[Opening PROVIDED MATERIAL section]

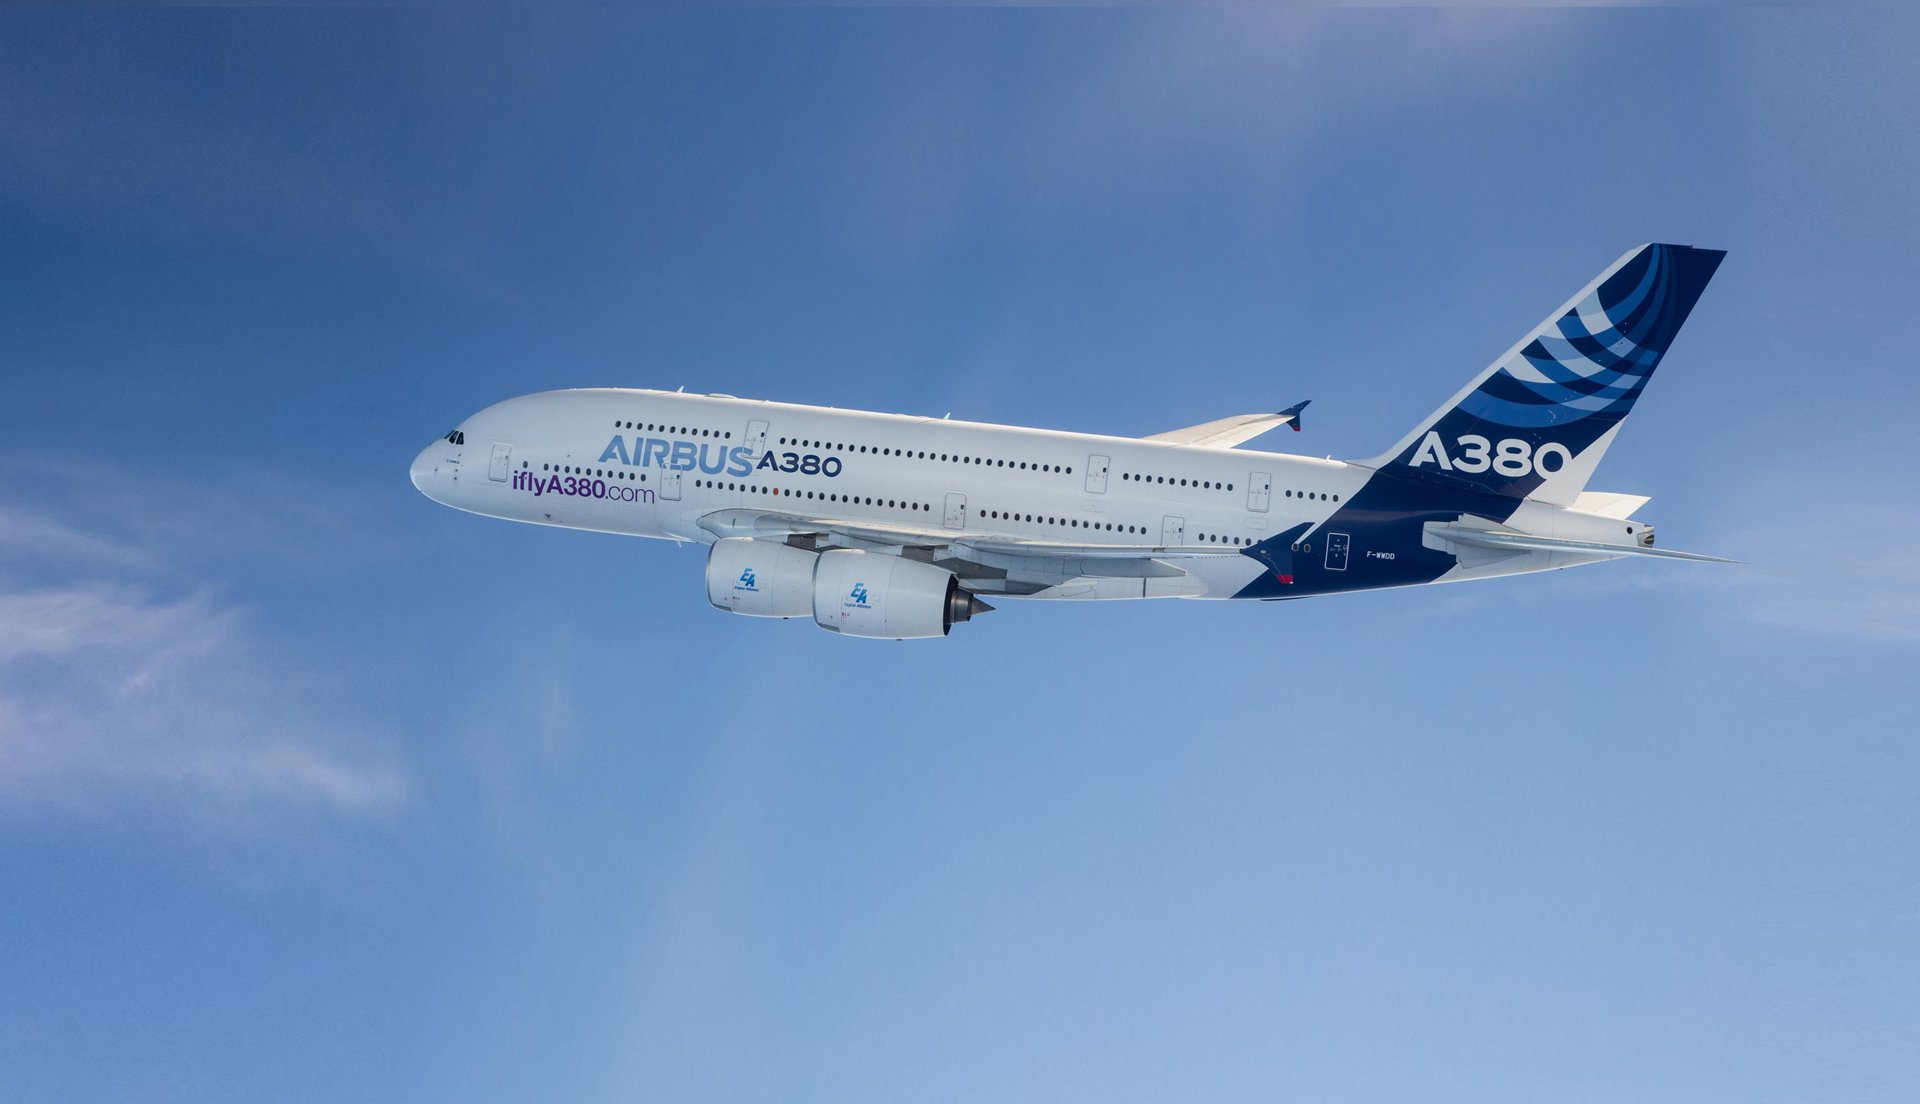 A380 - Passenger aircraft - Airbus
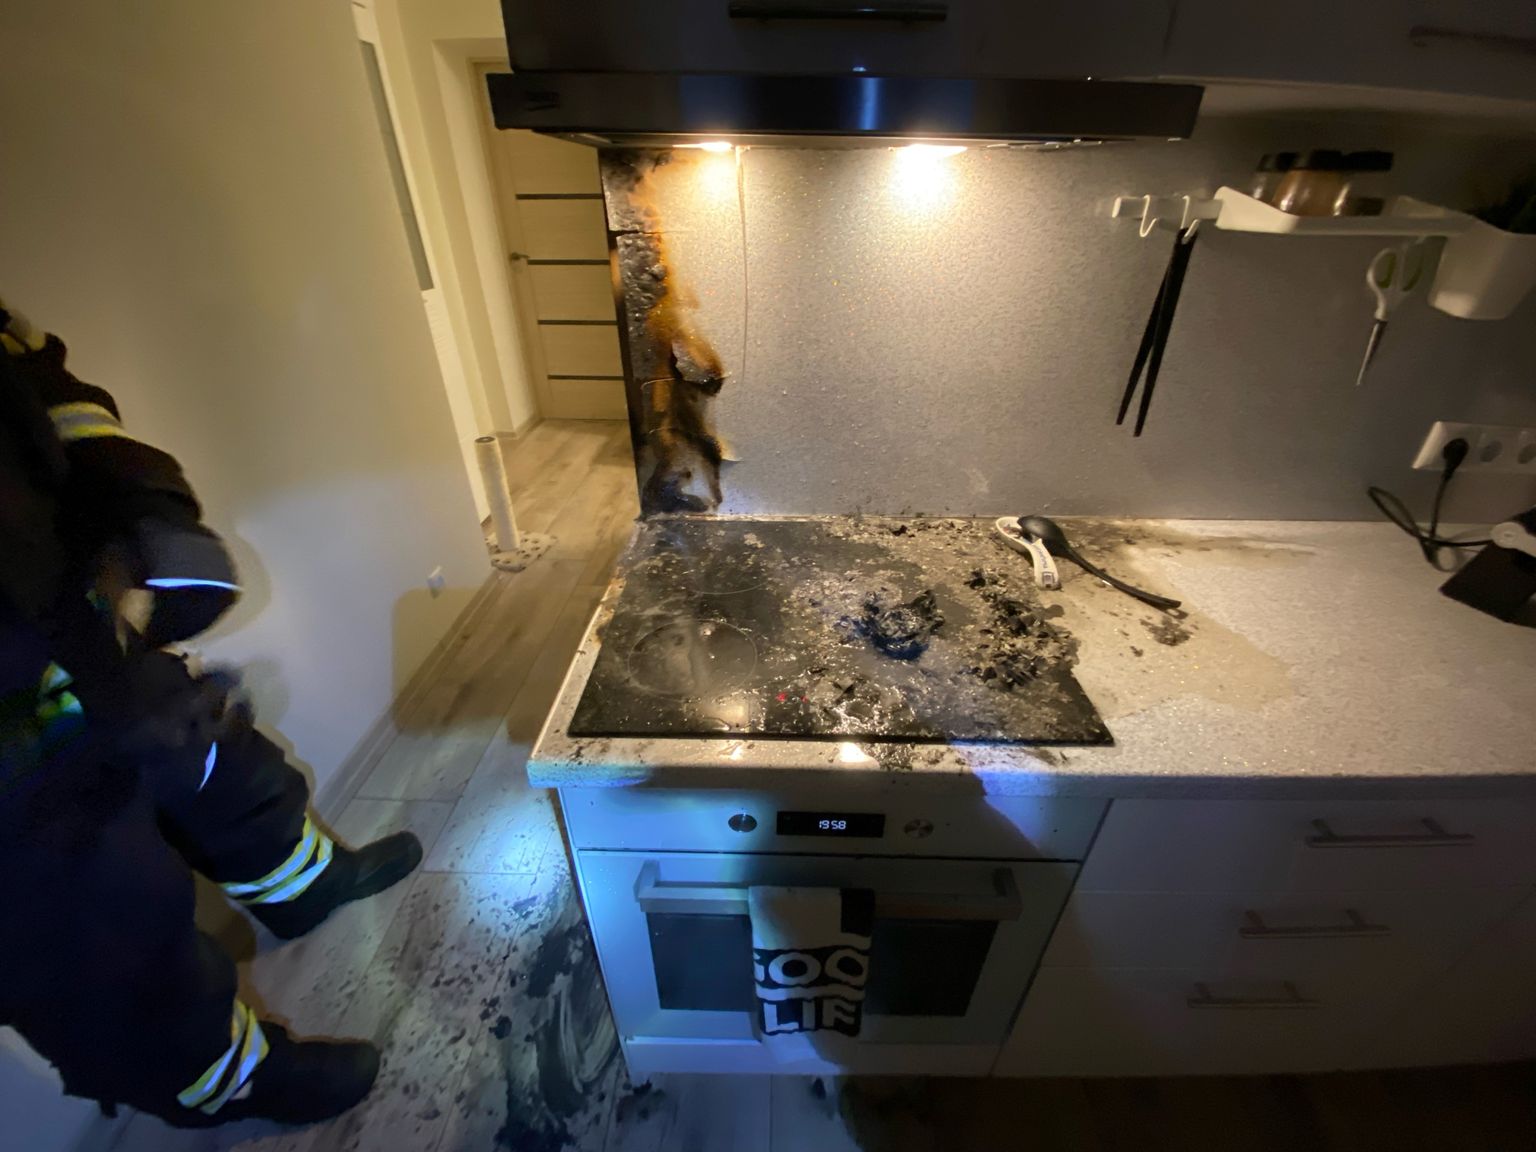 В нарвской квартире кухня пострадала от загоревшейся на электроплите картонной коробки.
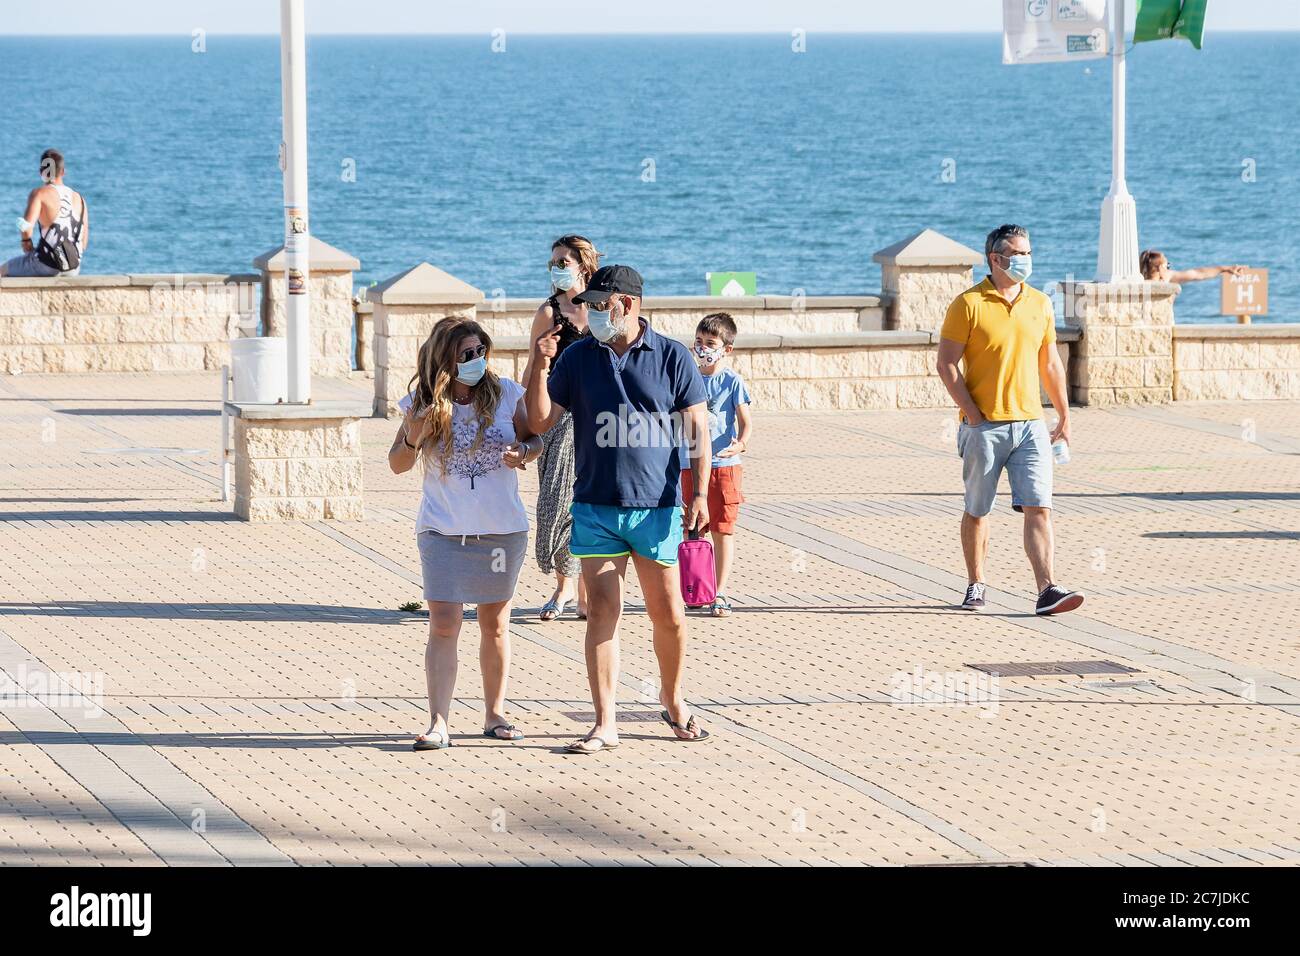 Huelva, Spagna - 3 giugno 2020: Persone che camminano dalla passeggiata Islantilla indossare maschera protettiva a causa di covid-19. Foto Stock

[Closing PROVIDED MATERIAL section]

An exact copy of the listing is required, excluding any pictures.

▶ RESPONSE TO THIS TASK
 A380 - Passenger aircraft - Airbus
 В нарвской квартире кухня пострадала от загоревшейся на электроплите картонной коробки.
 Huelva, Spagna - 3 giugno 2020: Persone che camminano dalla passeggiata Islantilla indossare maschera protettiva a causa di covid-19. Foto Stock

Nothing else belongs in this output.